The rule-based system organizes the user-provided rules into a decision tree. A decision tree will only assign a document to the appropriate category if the rules are consistent; if they conflict with each other, the appropriate decision may not be reached. For example, rules 1 and 3 in the example below are not consistent. If the "nuclear" condition was the first tested by the decision tree, then rule 1 would classify the document in the "nuclear power" category even if the phrase "records manager" appeared later in the document. Rule 3, which would have properly classified the document, would not be tested because rule 1 asserted that only the condition "nuclear" was required to classify the document.

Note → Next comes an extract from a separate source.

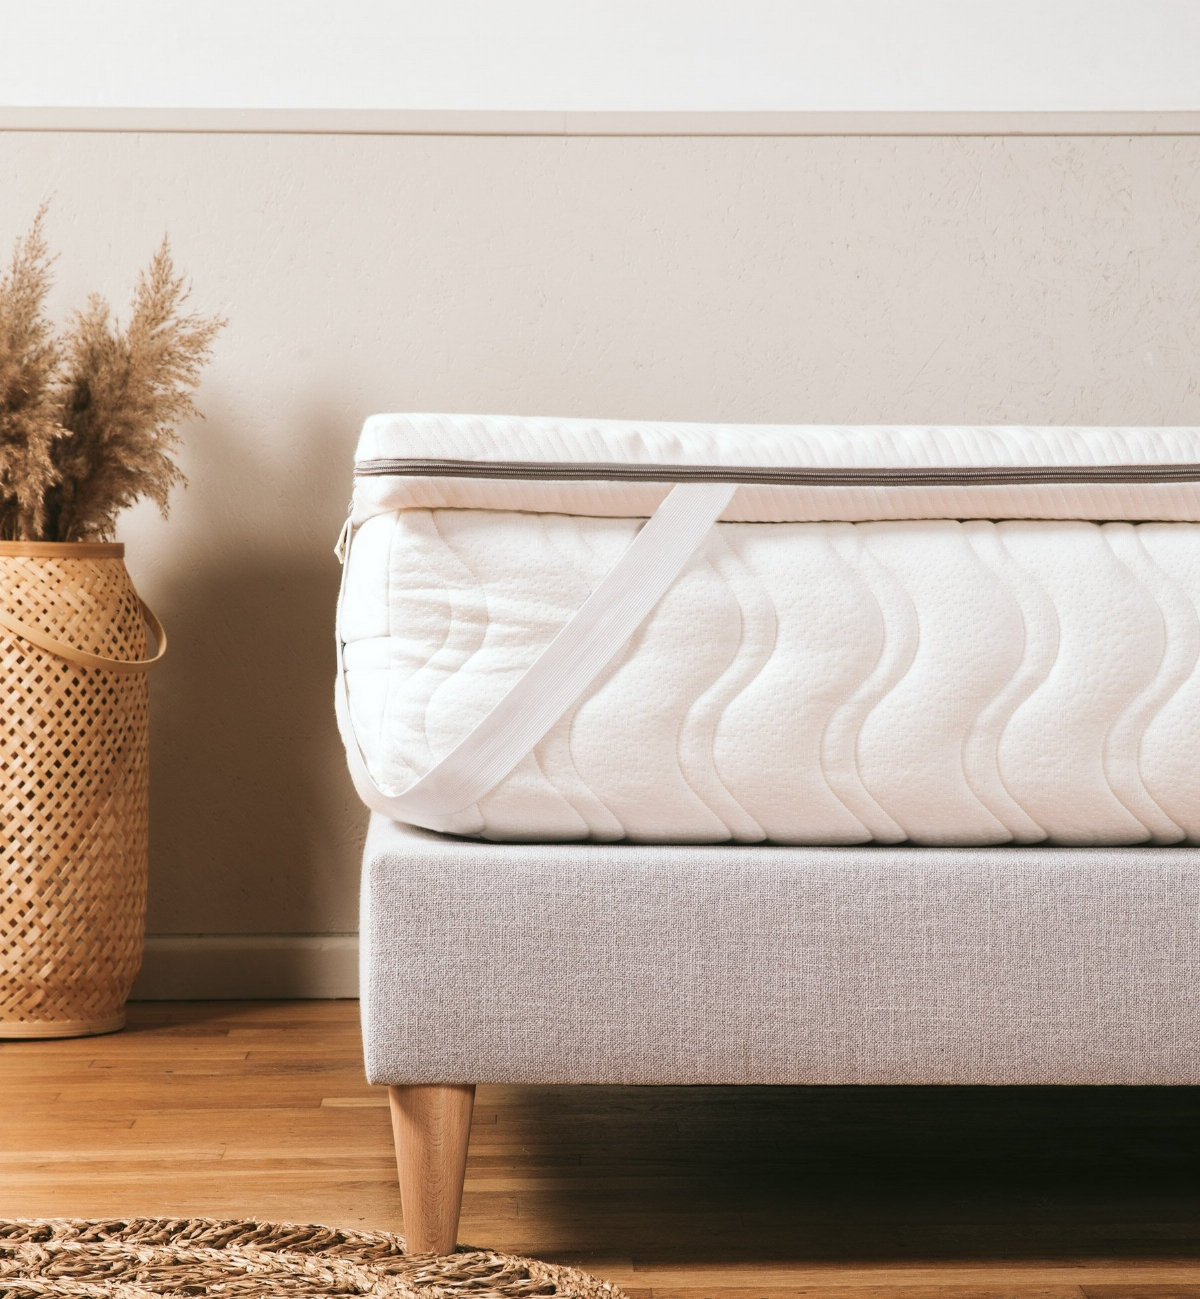 Natural latex mattress topper for double beds, the ideal solution for boosting the comfort of your mattress

As the number of categories increases, the number and complexity of the rules must also increase to differentiate between categories. The number and complexity of the rules is also a function of how closely categories (subject headings) in the corpus are related to each other. For example, if documents in the corpus only contained two categories, records management and nuclear power, it might be possible to differentiate between them using rules 1 and 2, More complex rules, such as rules 3 and 4, would be needed to properly categorize documents discussing the management of nuclear records versus documents about managing nuclear power projects.

A major issue with rule-based systems is that the rules required to differentiate subject headings for large, complex collections of documents become difficult to manage and maintain consistently. In the article "Using SMVs for Text Categorization," S.T. Dumais wrote:

[Another] drawback of this "manual" approach to the construction of automatic classifiers is the existence of a knowledge acquisition bottleneck, similar to what happens in expert systems [a type of rule-based, artificial intelligence system]. That is, rules must be manually defined by a knowledge engineer with the aid of a domain expert (in this case, an expert in document relevance to the chosen set of categories). If the set of categories is updated, then these two professional figures must intervene again, and if the classifier is ported to a completely different domain (i.e., set of categories), the work has to be repeated anew.

The knowledge engineer is someone familiar with capturing rules and the internal workings of the vendor's rule-- management system. The domain expert is the records manager. More than in any other automatic categorization approach, the records manager's understanding of records content and the file plan is critical to the success of a rule-based approach.

Automatic categorization technology, while the result of significant research and development, must prove cost effective in an operational environment. It can be successful only if the proper records management tasks are performed. (See sidebar below.)

Importance of the Training Set Definition

The accuracy of all automatic categorization systems is highly dependent upon the effort and care taken during the training or rule definition phase. In systems using pattern matching, the selection of a training set that accurately represents the content of each subject heading in the file plan is critical. Vendors suggest that training sets should contain from 10 to 50 documents for each subject heading. However, training set quality is more dependent on the content of the documents than on the number of documents per subject heading.

The content of documents selected for training sets should be highly representative of the subject headings for which they are chosen. It may even be necessary to create documents that meet this requirement. For instance, an existing electronic document might contain a paragraph that is not focused on the document's primary subject, but otherwise might be highly representative of the subject heading desired. Rather than using the document as is for the training set, the records manager could electronically copy the document, assign it a different but easily recognized name, delete the paragraph or paragraphs not consistent with the general subject, and use the newly created document for training purposes. After completion of the software package's training phase and testing phase, the created document could be deleted from the corpus.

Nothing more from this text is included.